§ ASSIGNMENT: Under this line sits a listing. Repeat exactly and only its lines from the one holding "Aristotle - Pleasure" through the one holding "ModernMilitary - NEW"; skip pictures.

§ PROVIDED ENTRIES:
--------------------------------------------------
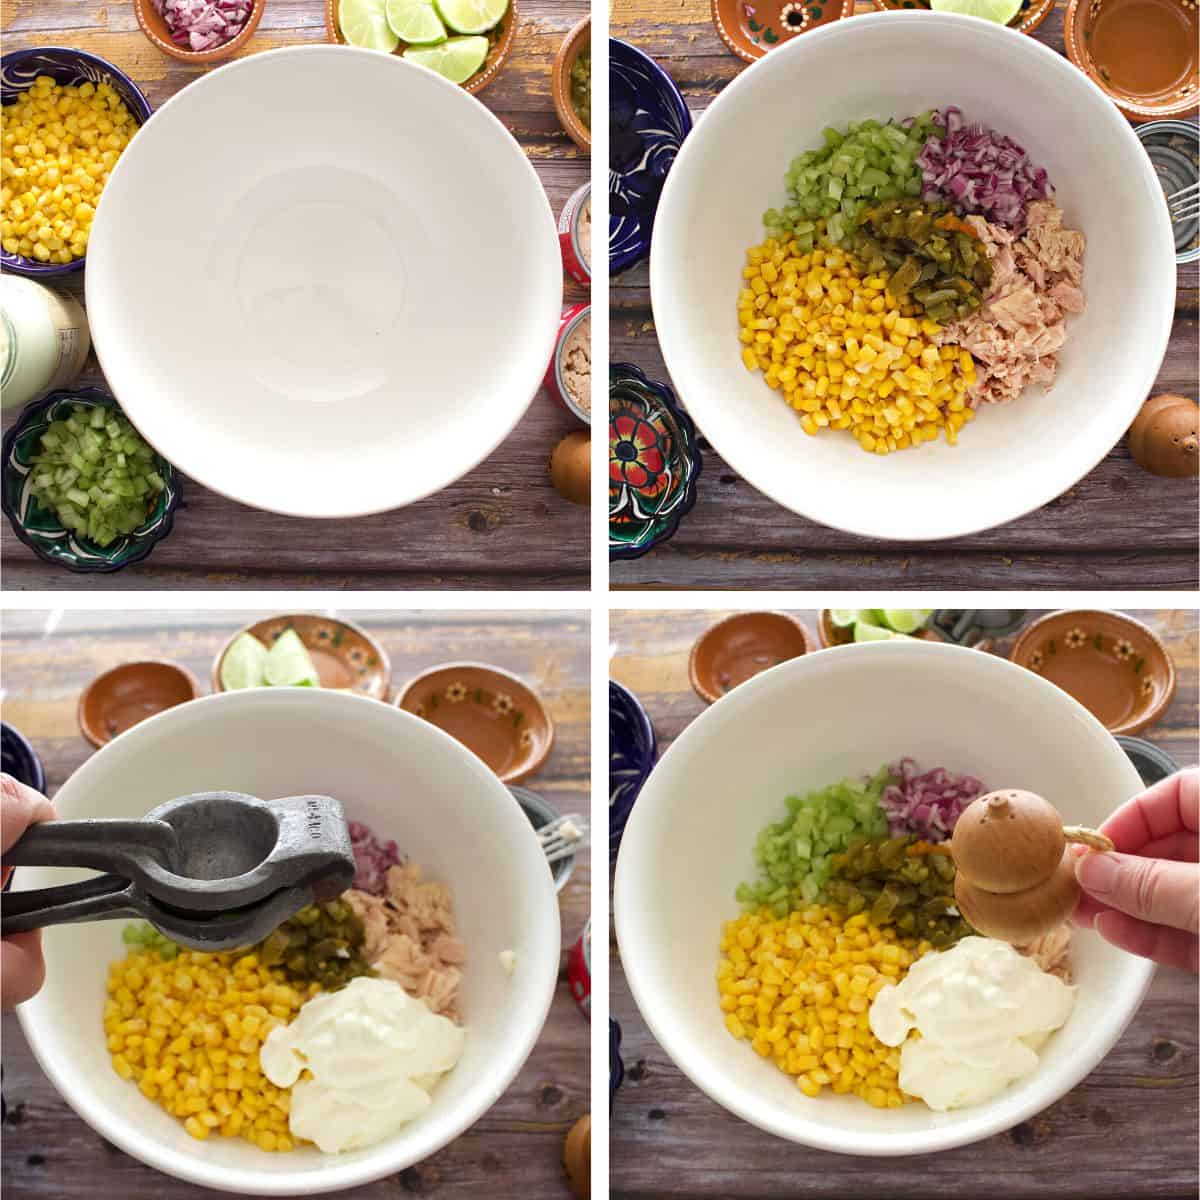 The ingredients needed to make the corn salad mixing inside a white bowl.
--------------------------------------------------
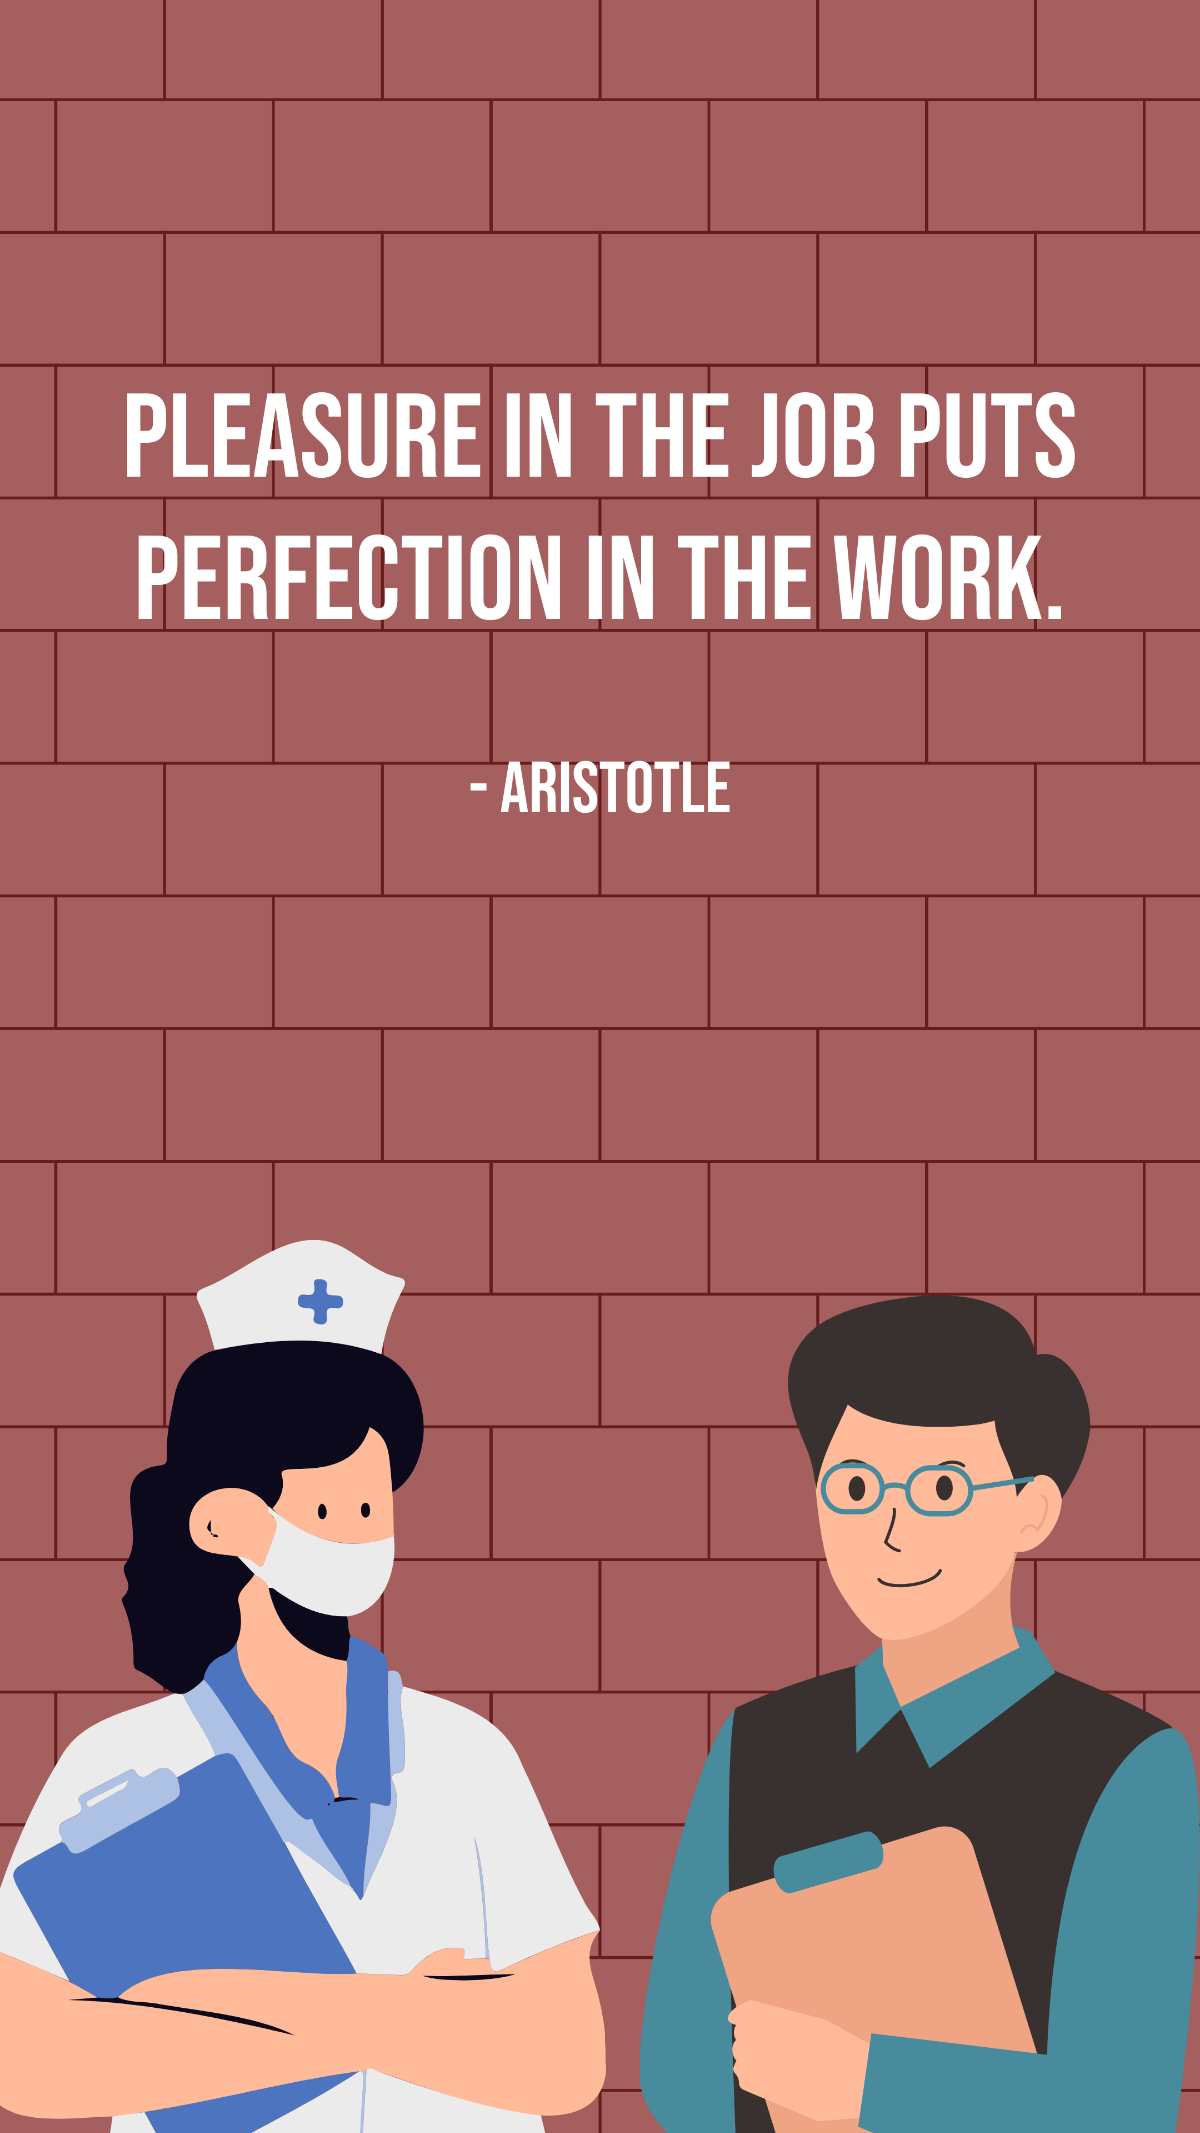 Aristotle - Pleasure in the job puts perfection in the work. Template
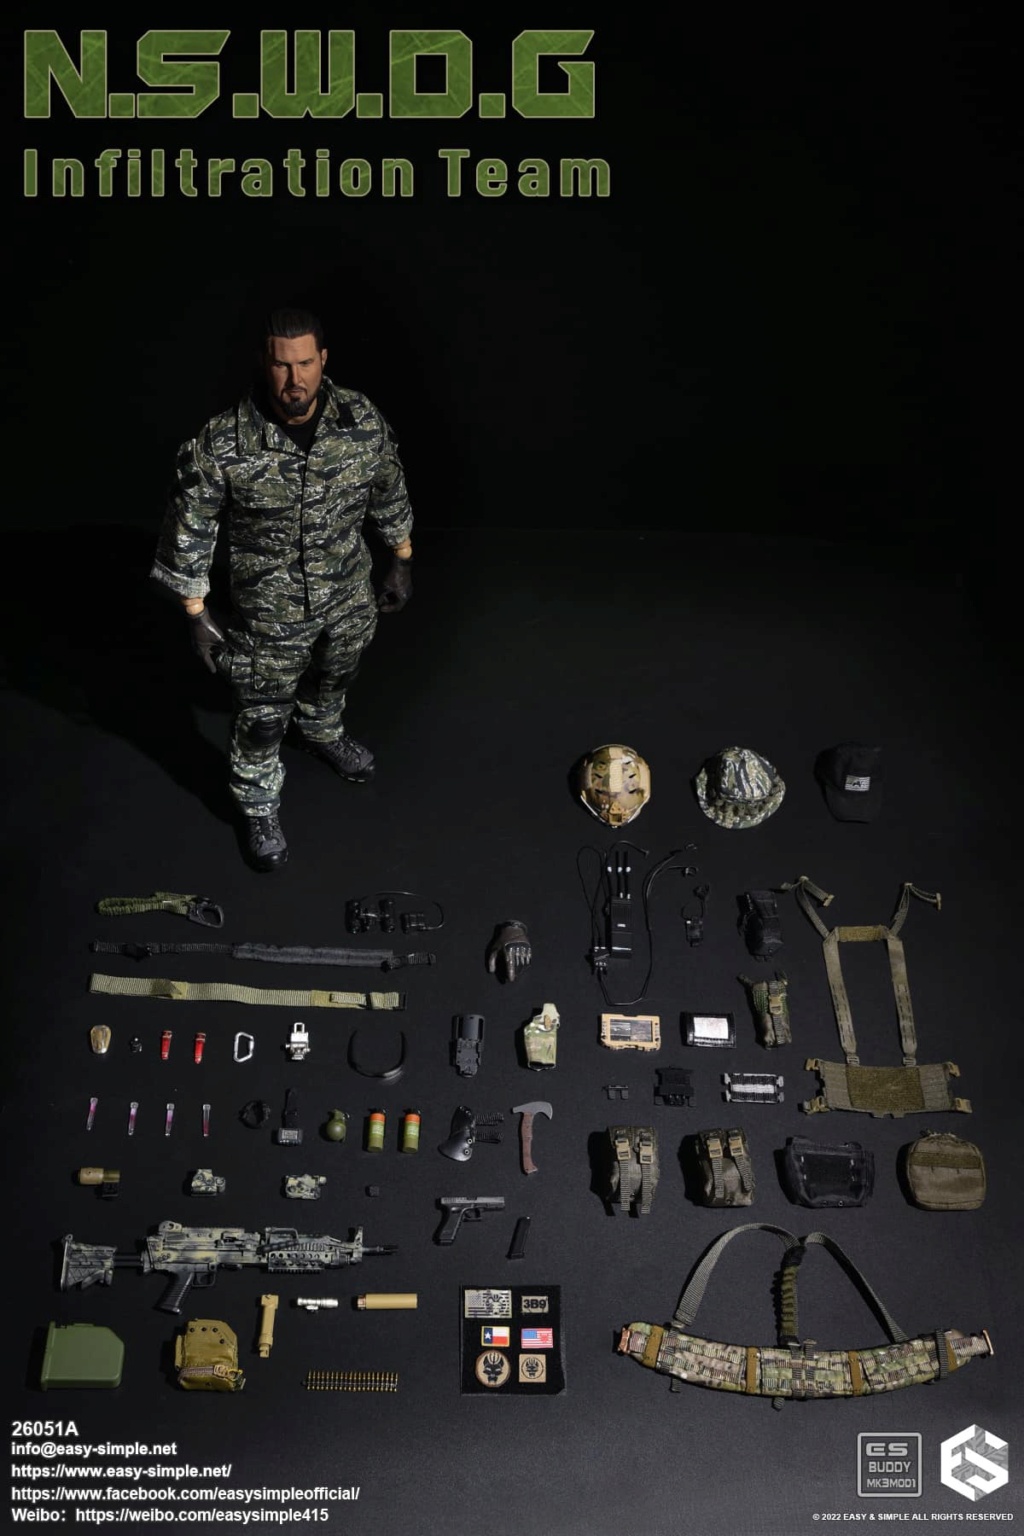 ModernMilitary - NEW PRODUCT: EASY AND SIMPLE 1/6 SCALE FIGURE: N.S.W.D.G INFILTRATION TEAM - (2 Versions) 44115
--------------------------------------------------
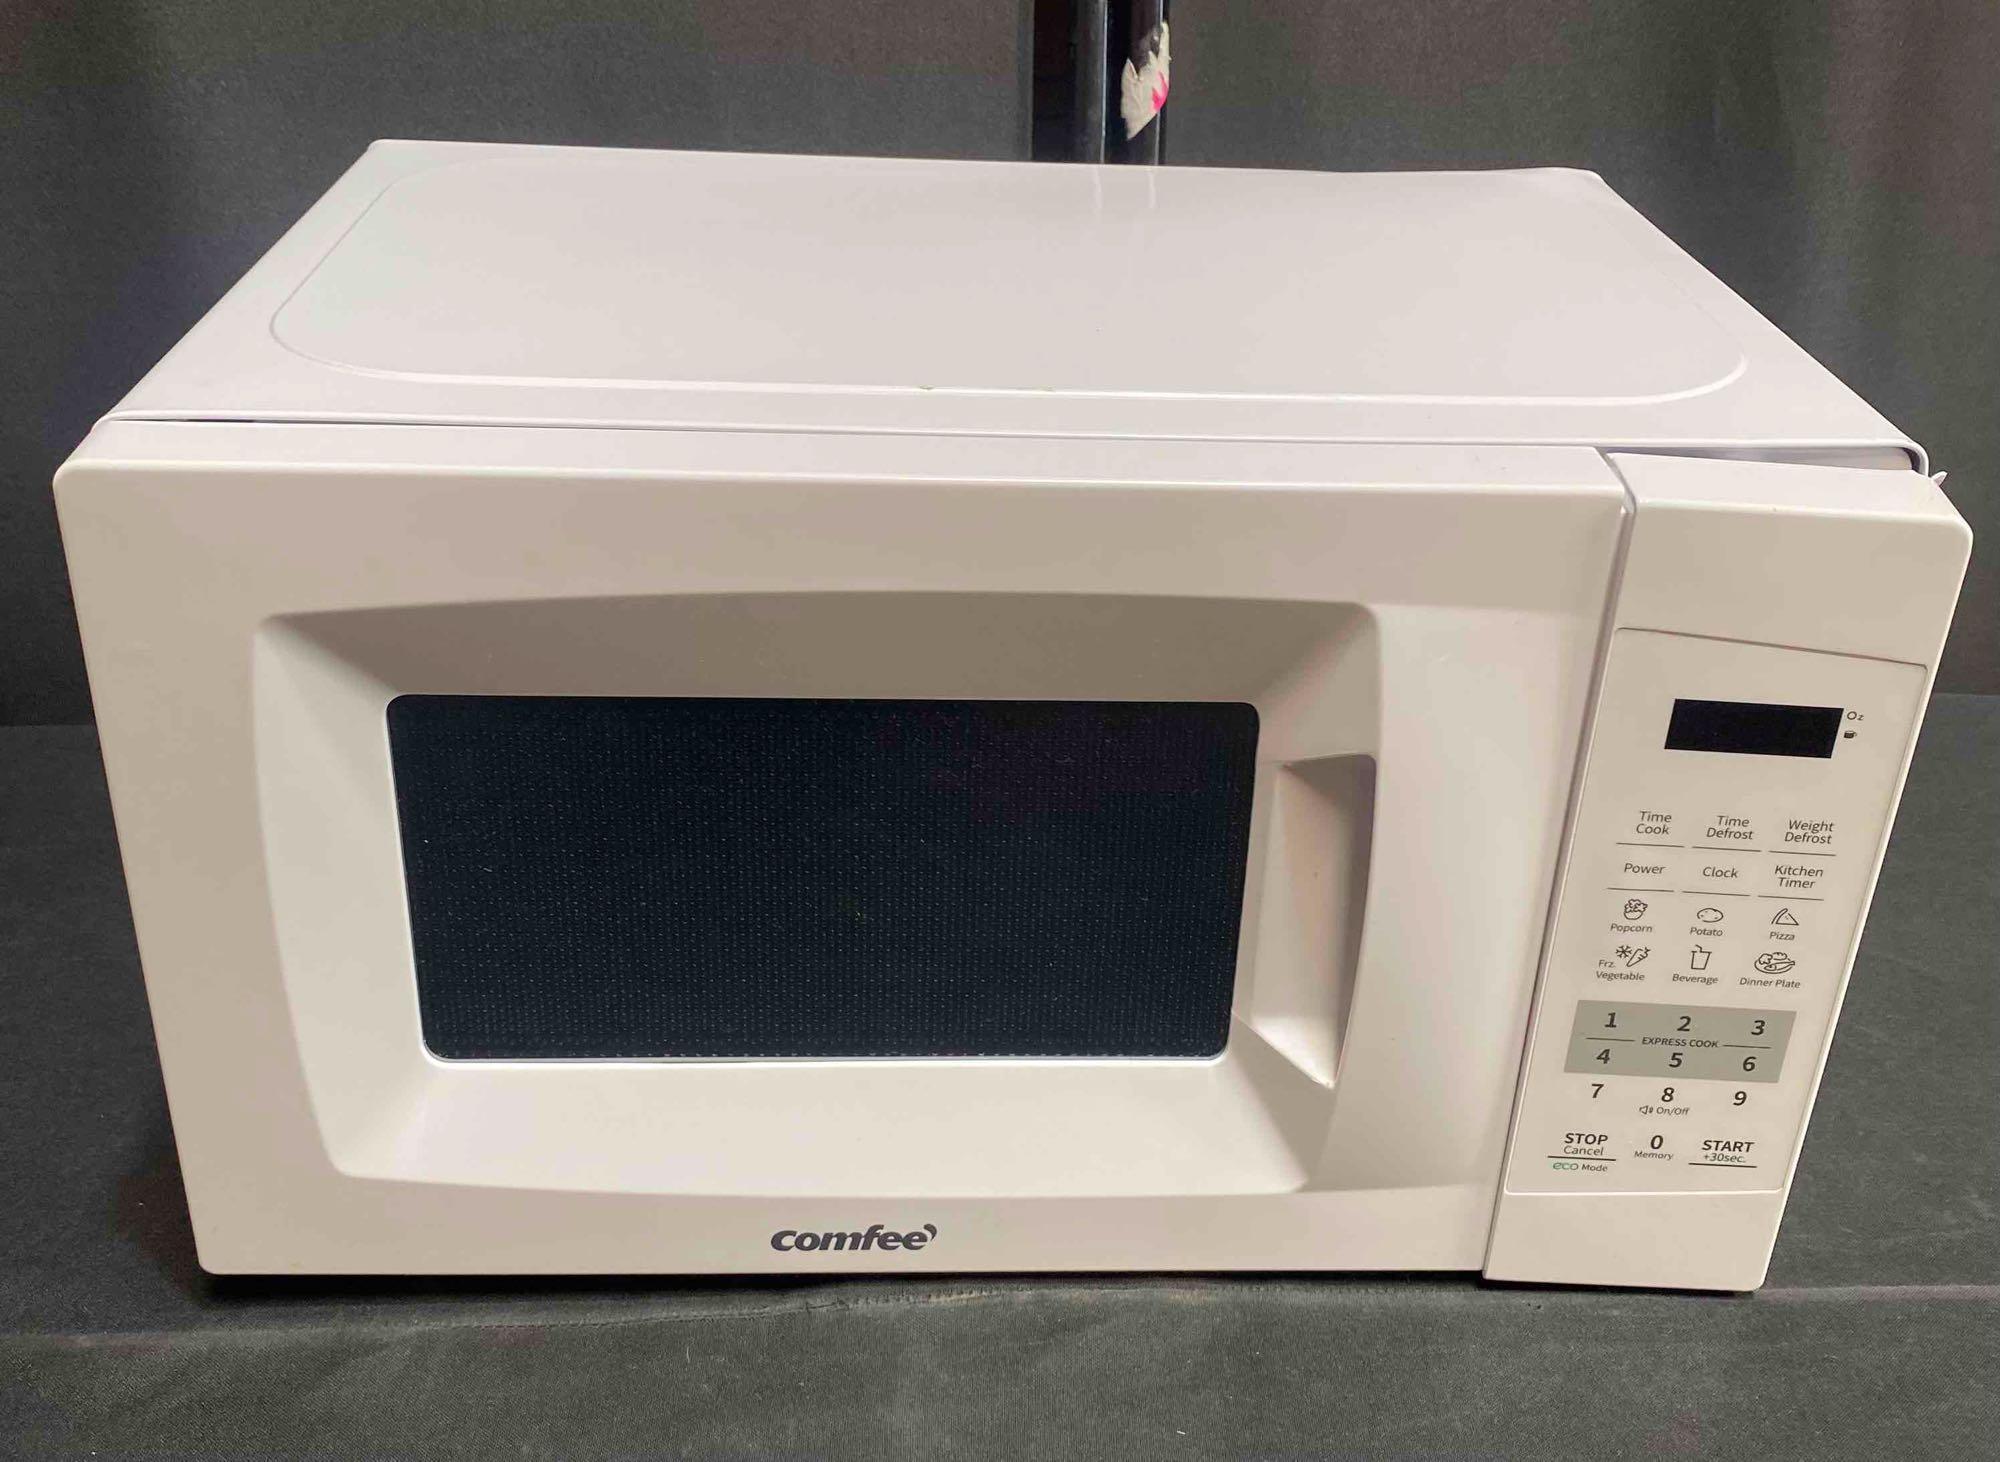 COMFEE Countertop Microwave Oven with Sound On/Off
--------------------------------------------------
§ OUTPUT FOR THIS TASK:
 Aristotle - Pleasure in the job puts perfection in the work. Template
 ModernMilitary - NEW PRODUCT: EASY AND SIMPLE 1/6 SCALE FIGURE: N.S.W.D.G INFILTRATION TEAM - (2 Versions) 44115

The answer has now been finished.